6) Release payloads & manifests

6.1 Release manifest (release.yaml)

release:
  version: "2.4.1"
  channel: "stable"
  date: "2027-06-20T12:00:00Z"
  calendar: "2027.06"
  components:
    - name: scanner-webservice
      image: registry.stella-ops.org/stellaops/scanner-web@sha256:aa..bb
      sbom: oci://.../referrers/cdx-json@sha256:11..22
      provenance: oci://.../attest/provenance@sha256:33..44
      signature: { rekorUUID: "…" }
    - name: signer
      image: registry.stella-ops.org/stellaops/signer@sha256:cc..dd
      signature: { rekorUUID: "…" }
  charts:
    - name: platform
      version: "2.4.1"
      digest: "sha256:ee..ff"
  compose:
    file: "docker-compose.yml"
    digest: "sha256:77..88"
  checksums:
    sha256: "… digest of this release.yaml …"
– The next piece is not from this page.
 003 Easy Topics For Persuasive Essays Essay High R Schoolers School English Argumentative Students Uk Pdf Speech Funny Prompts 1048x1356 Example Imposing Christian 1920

The manifest is cosign‑signed; UI/CLI can verify a bundle without talking to registries.

Deployment guardrails – The repository keeps channel-aligned Compose bundles in deploy/compose/ and Helm overlays in deploy/helm/stellaops/. Both sets pull their digests from deploy/releases/ and are validated by deploy/tools/validate-profiles.sh to guarantee lint/dry-run cleanliness.

6.2 Image labels (release metadata)

Each image sets OCI labels:

org.opencontainers.image.version = "2.4.1"
org.opencontainers.image.revision = "<git sha>"
org.opencontainers.image.created = "2027-06-20T12:00:00Z"
org.stellaops.release.calendar = "2027.06"
org.stellaops.release.channel  = "stable"
org.stellaops.build.slsaProvenance = "oci://…"
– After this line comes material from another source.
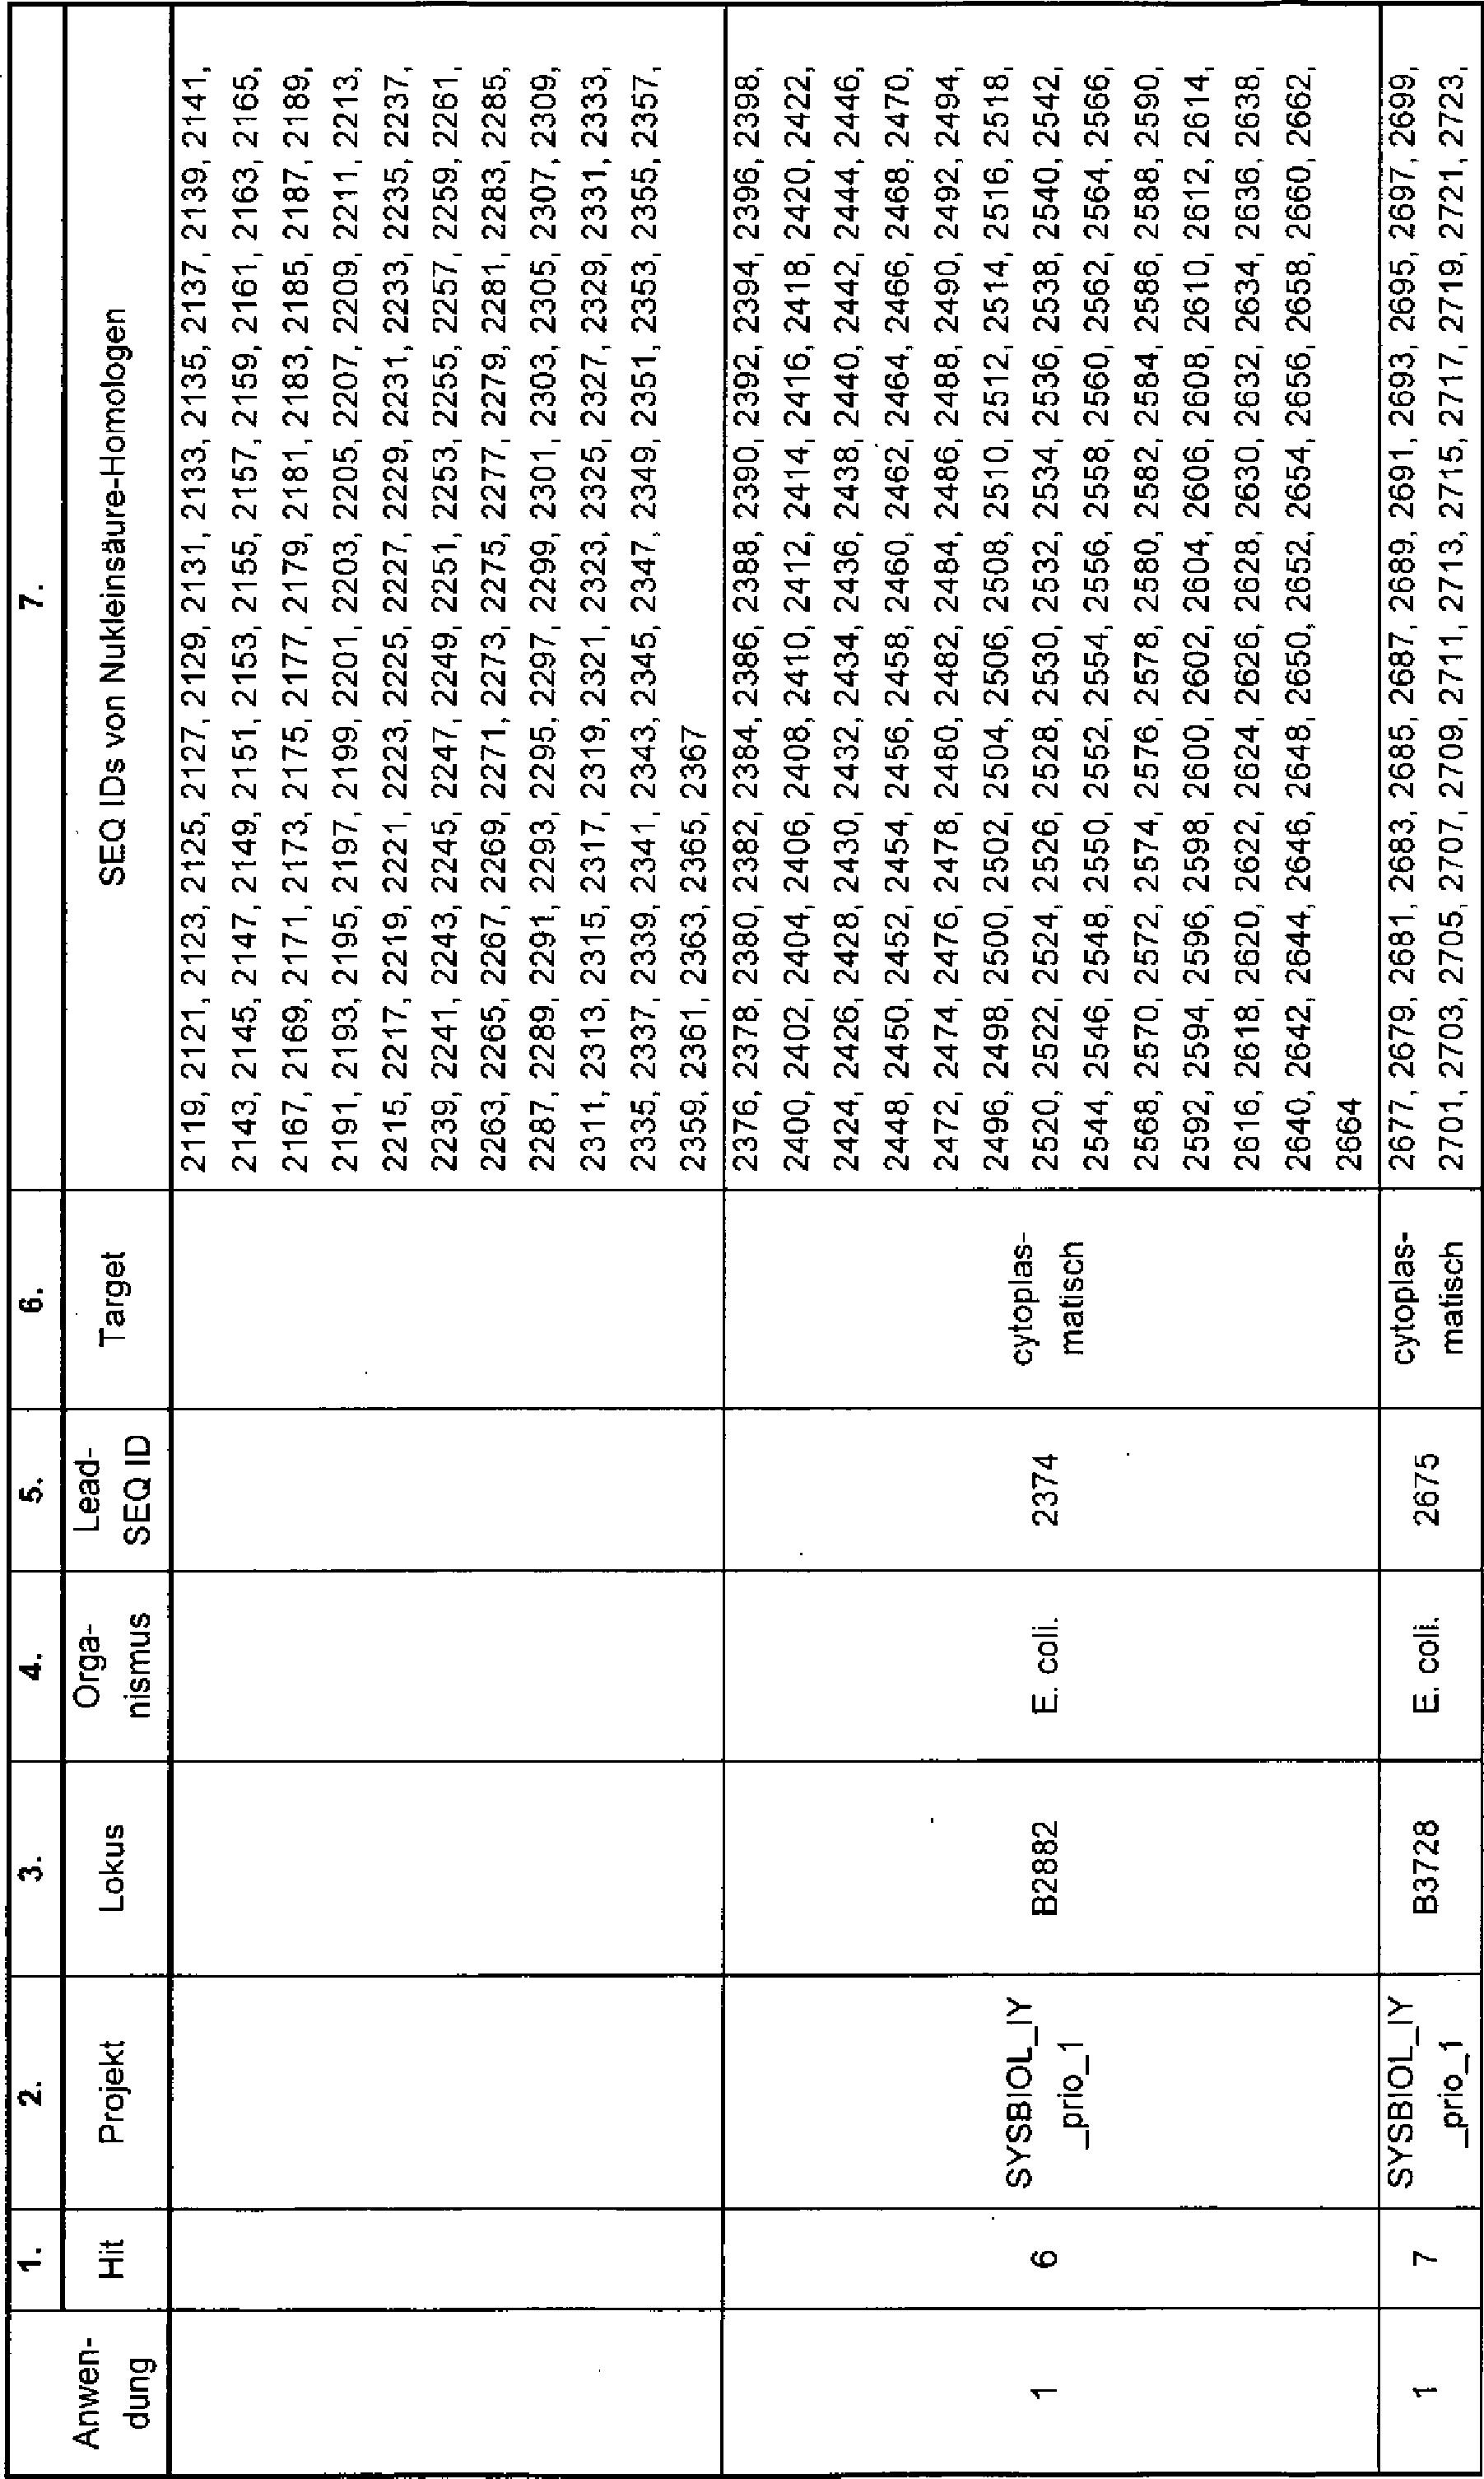 DE112010003032T5 - Pflanzen mit erhöhtem Ertrag - Google Patents

Signer validates scanner image’s cosign identity + calendar tag for release window checks.

---

7) Artifact lifecycle & storage (MinIO/Mongo)

7.1 Buckets & prefixes (MinIO)

s3://stellaops/
  scanner/
    layers/<sha256>/sbom.cdx.json.zst
    images/<imgDigest>/inventory.cdx.pb
    images/<imgDigest>/usage.cdx.pb
    diffs/<old>_<new>/diff.json.zst
    attest/<artifactSha256>.dsse.json
  concelier/
    json/<exportId>/...
    trivy/<exportId>/...
  excititor/
    exports/<exportId>/...
  attestor/
    dsse/<bundleSha256>.json
    proof/<rekorUuid>.json

7.2 ILM classes

• short: working artifacts (diffs, queues) — TTL 7–14 days.
• default: SBOMs & indexes — TTL 90–180 days (configurable).
• compliance: signed reports & attested exports — Object Lock (governance/compliance) 1–7 years.
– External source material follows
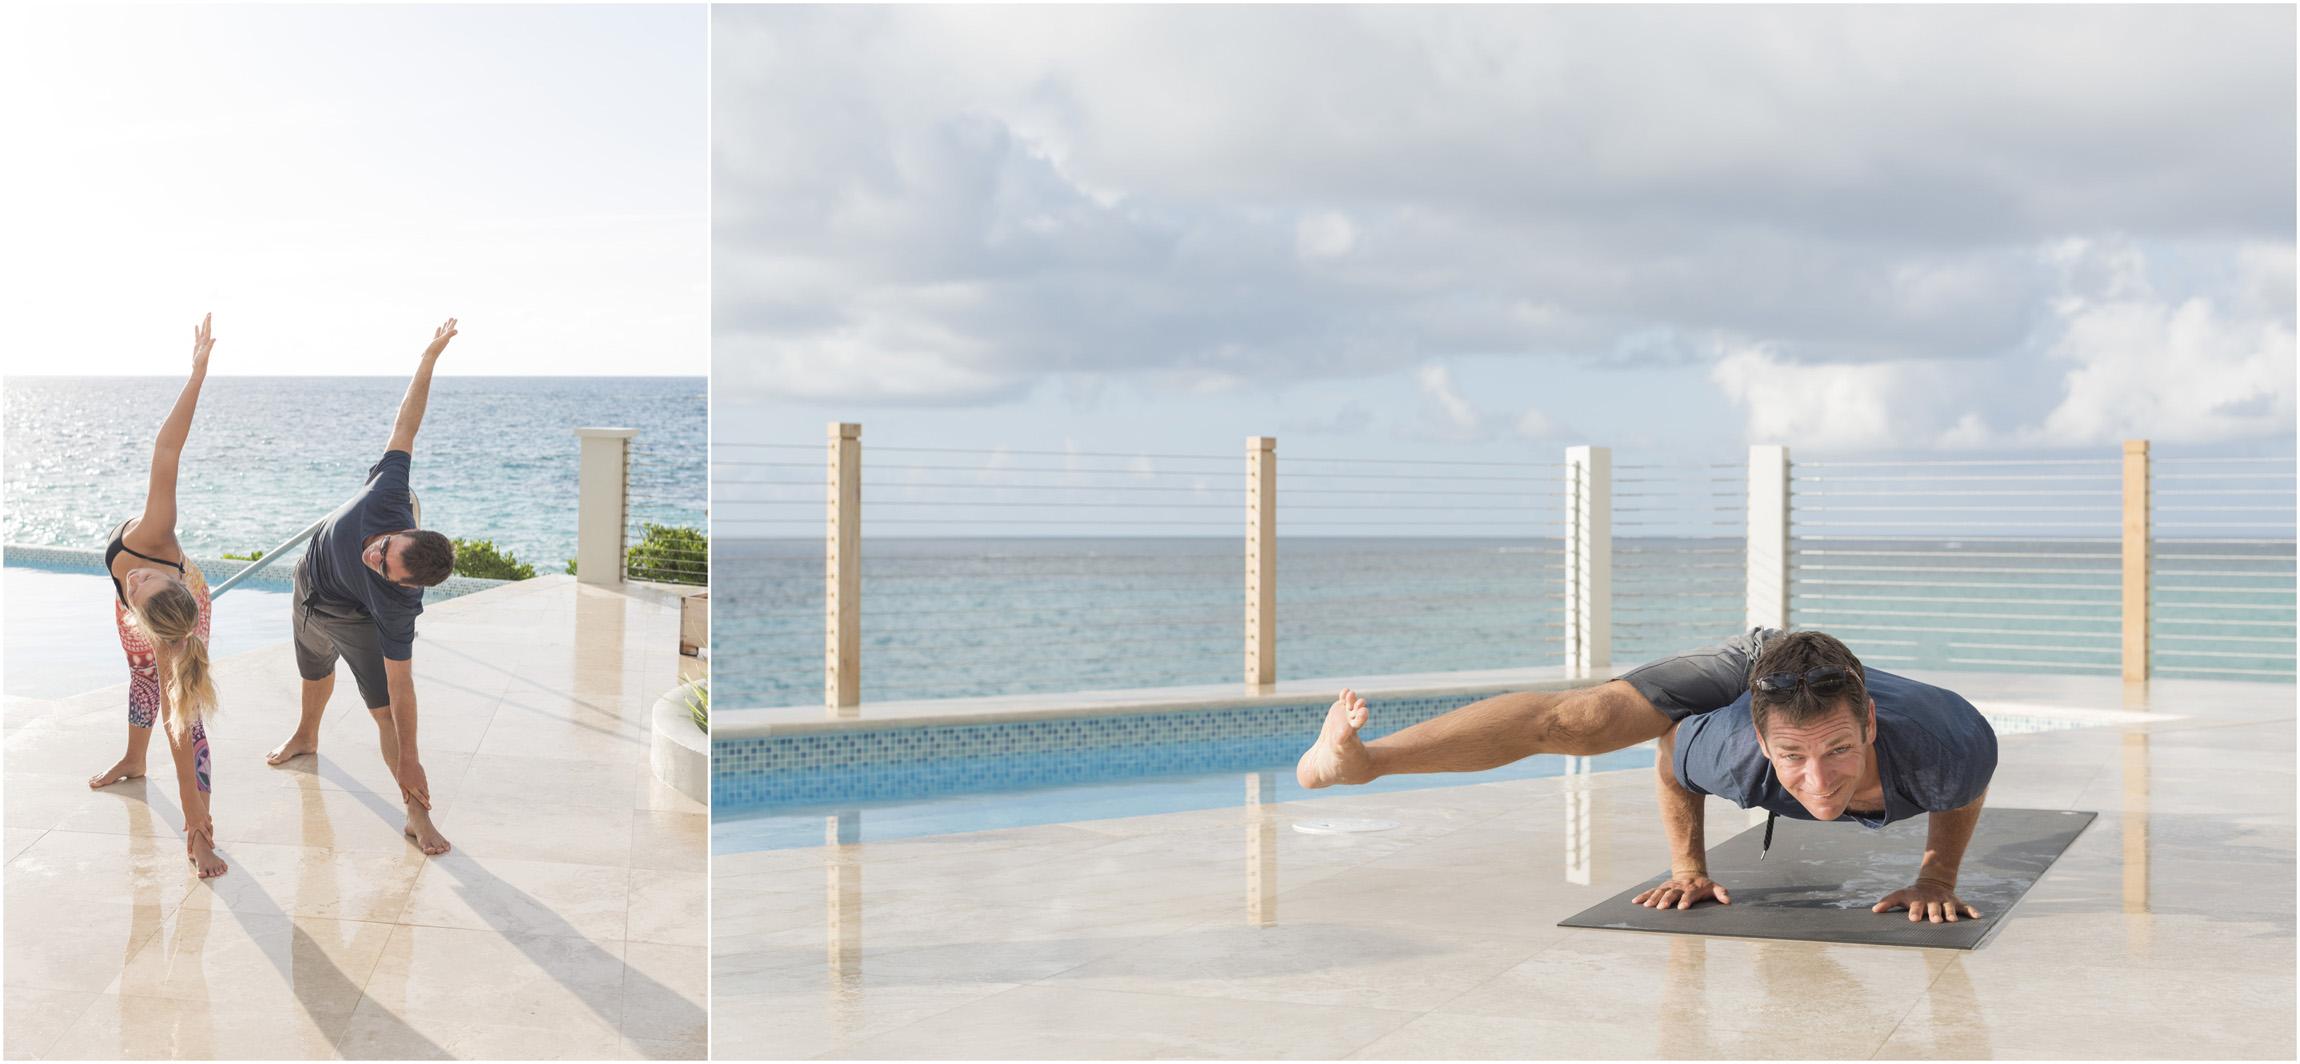 ©FianderFoto_Winnow_Poolside Yoga_004.jpg

7.3 Artifact Lifecycle Controller (ALC)

• A background worker (part of Scanner.WebService) enforces TTL and reference counting:

  • Artifacts referenced by reports or tickets are pinned.
  • ILM actions logged; UI shows per‑class usage & upcoming purges.

7.4 Mongo retention

• Scanner: runtime.events use TTL (e.g., 30–90 days); catalog permanent.
• Concelier/Excititor: raw docs keep last N windows; canonical stores permanent.
• Attestor: entries permanent; dedupe TTL 24–48h.

7.5 Mongo server baseline

• Minimum supported server: MongoDB 4.2+. Driver 3.5.0 removes compatibility shims for 4.0; upstream has already announced 4.0 support will be dropped in upcoming C# driver releases. citeturn1open1
• Deploy images: Compose/Helm defaults stay on mongo:7.x. For air-gapped installs, refresh Offline Kit bundles so the packaged mongod matches ≥4.2.
• Upgrade guard: During rollout, verify replica sets reach FCV 4.2 or above before swapping binaries; automation should hard-stop if FCV is <4.2.

---

8) Observability & SLOs (operations)

• Uptime SLO: 99.9% for Signer/Authority/Attestor; 99.5% for Scanner WebService; Excititor/Concelier 99.0%.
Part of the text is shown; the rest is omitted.